CN116881799A

CN116881799A - Method for classifying cigarette production data

Info

Publication number: CN116881799A
Application number: CN202310862754.7A
Authority: CN
Inventors: 李新建; 邹鑫灏; 陈小虎; 严智; 谢超; 郭著松; 崔书方; 潘伟; 刘艳超; 侯毓; 程婉君
Original assignee: China Tobacco Hubei Industrial LLC
Current assignee: China Tobacco Hubei Industrial LLC
Priority date: 2023-07-13
Filing date: 2023-07-13
Publication date: 2023-10-13

Abstract

The invention discloses a method for classifying cigarette production data, which comprises the following steps: s1, extracting representative words of a service system, and taking the representative words as core words; s2, calculating the association distance between every two business systems to form a business system core word vector; a BOW word bag model is adopted, and all core words of each service system are formed into service system core word vectors in the occurrence times of different service systems; s3, normalizing core word vectors of the service system; s4, calculating the correlation distance of the service system; s5, drawing a two-dimensional distance distribution diagram of the service system; s6, clustering the service system; k-means clustering algorithm based on Euclidean distance is adopted, and K classifications are finally clustered in the determined two-dimensional plane; s7, determining a classification result; an appropriate K value is determined to determine the classification result. The method adopts transverse field association analysis, performs distance calculation, clustering and classification on a two-dimensional plane, and visualizes and visually displays; and visually displaying the classification area on a two-dimensional plane, and determining the final K value and the classification result.

Description

Method for classifying cigarette production data

Technical Field

The invention relates to the technical field of data security, in particular to a method for classifying production data of cigarettes.

Background

Data classification is the primary task of data security management. And each industry carries out data classification work according to the service characteristics and data of the industry. The digitalized transformation of tobacco manufacturing enterprises has the main business processes of informatization and digitalization, and the generated information is gradually transformed into important digital assets of the enterprises in different forms. Meanwhile, industrial data is more complex and diversified along with the increase of application scenes, and potential safety risks are faced from technology to management in the process of transferring industrial data which is not subjected to classified management among different businesses. The influence of security threats such as data leakage of the current tobacco manufacturing enterprises not only affects the interests of the enterprises, but also has a certain influence on social production and national security. How to guide cigarette manufacturing enterprises to standardize industrial data classification management and practically guarantee industrial data safety is a current urgent problem to be solved.

Therefore, a method for classifying the cigarette production data is provided.

Disclosure of Invention

The invention aims to provide a method for classifying cigarette production data, which solves the problems of insufficient automation and refinement degree of data classification of tobacco enterprises and huge manual input.
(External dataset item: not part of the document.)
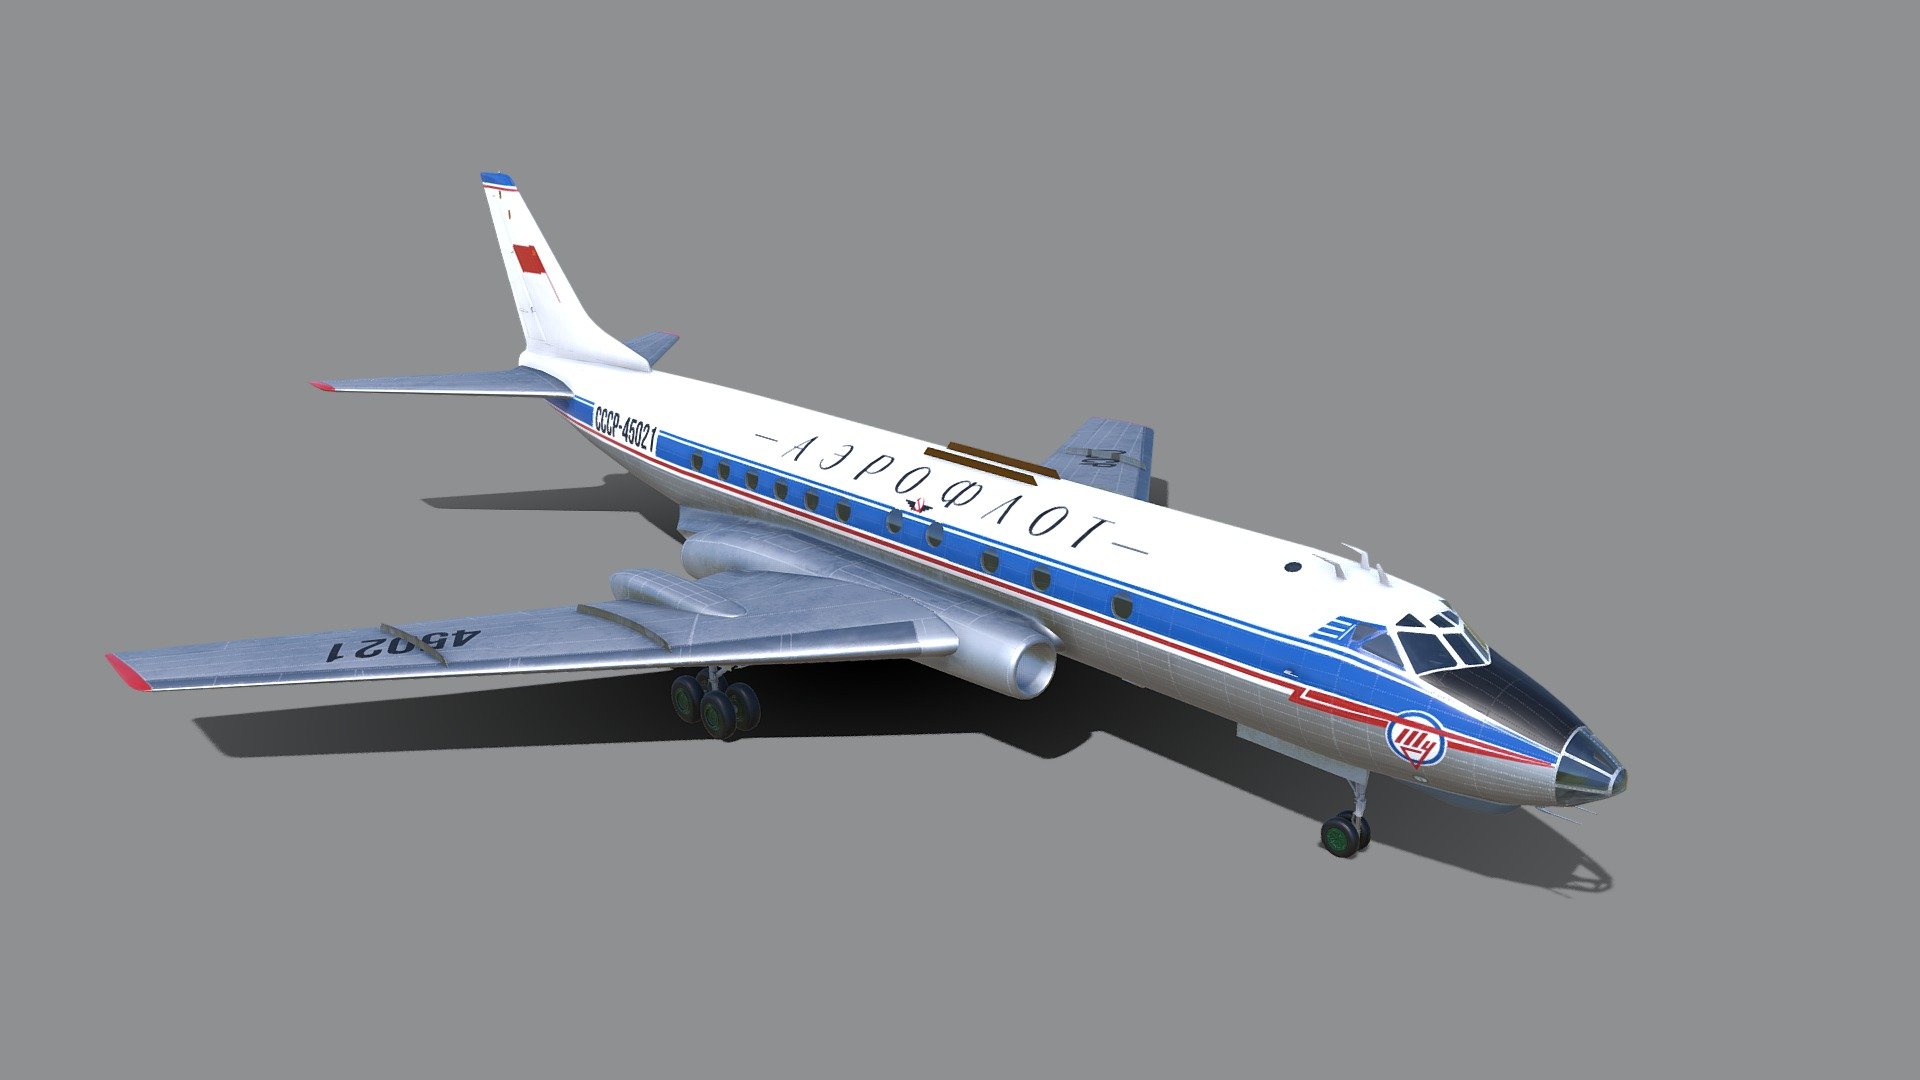 The Tupolev Tu-124 (NATO reporting name: Cookpot) was a 56-passenger short-range twinjet airliner built in the Soviet Union. It was the first Soviet airliner powered by turbofan engines. Developed from the medium-range Tupolev Tu-104, the Tu-124 was meant to meet Aeroflot's requirement for a regional airliner to replace the Ilyushin Il-14 on domestic routes. Resembling a 75% scaled-down Tu-104, the two were hard to tell apart at a distance but it was not a complete copy of the Tu-104. The Tu-124 had a number of refinements, including double-slotted flaps, a large centre-section airbrake and automatic spoilers. Unlike the Tu-104, the wing trailing edge inboard of the undercarriage was unswept - Tupolev Tu-124 - Buy Royalty Free 3D model by Tim Samedov (@citizensnip) 3d model

In order to achieve the above purpose, the present invention provides the following technical solutions: the method for classifying the cigarette production data is characterized by comprising the following steps of:

s1, extracting representative words of a service system, and taking the representative words as core words;

s2, calculating the association distance between every two business systems to form a business system core word vector; a BOW word bag model is adopted, and all core words of each service system are formed into service system core word vectors in the occurrence times of different service systems;

s3, normalizing core word vectors of the service system; wherein d is _i Representing weights, retaining only valuable words, where c _i Indicating that word i appears c in the business system field _i The denominator is the number of all useful words, and the formula is:

s4, calculating the correlation distance of the service system; by calculating the euclidean distance of the core word vector,

s5, drawing a two-dimensional distance distribution diagram of the service system; selecting a system as a center dot in the two-dimensional plane; the distance between other systems and the system is used as the length of a connecting line, and the equal-length connecting points are arranged in a circumference manner; far outward discharging; gradually arranging all the systems on a two-dimensional plane; the point is a service system; the line is a service system associated distance connecting line;

s6, clustering the service system; k-means clustering algorithm based on Euclidean distance is adopted, and K classifications are finally clustered in the determined two-dimensional plane;

s7, determining a classification result; an appropriate K value is determined to determine the classification result.

Further, the representative words related to the business system include time, place, person, action, result, as core words.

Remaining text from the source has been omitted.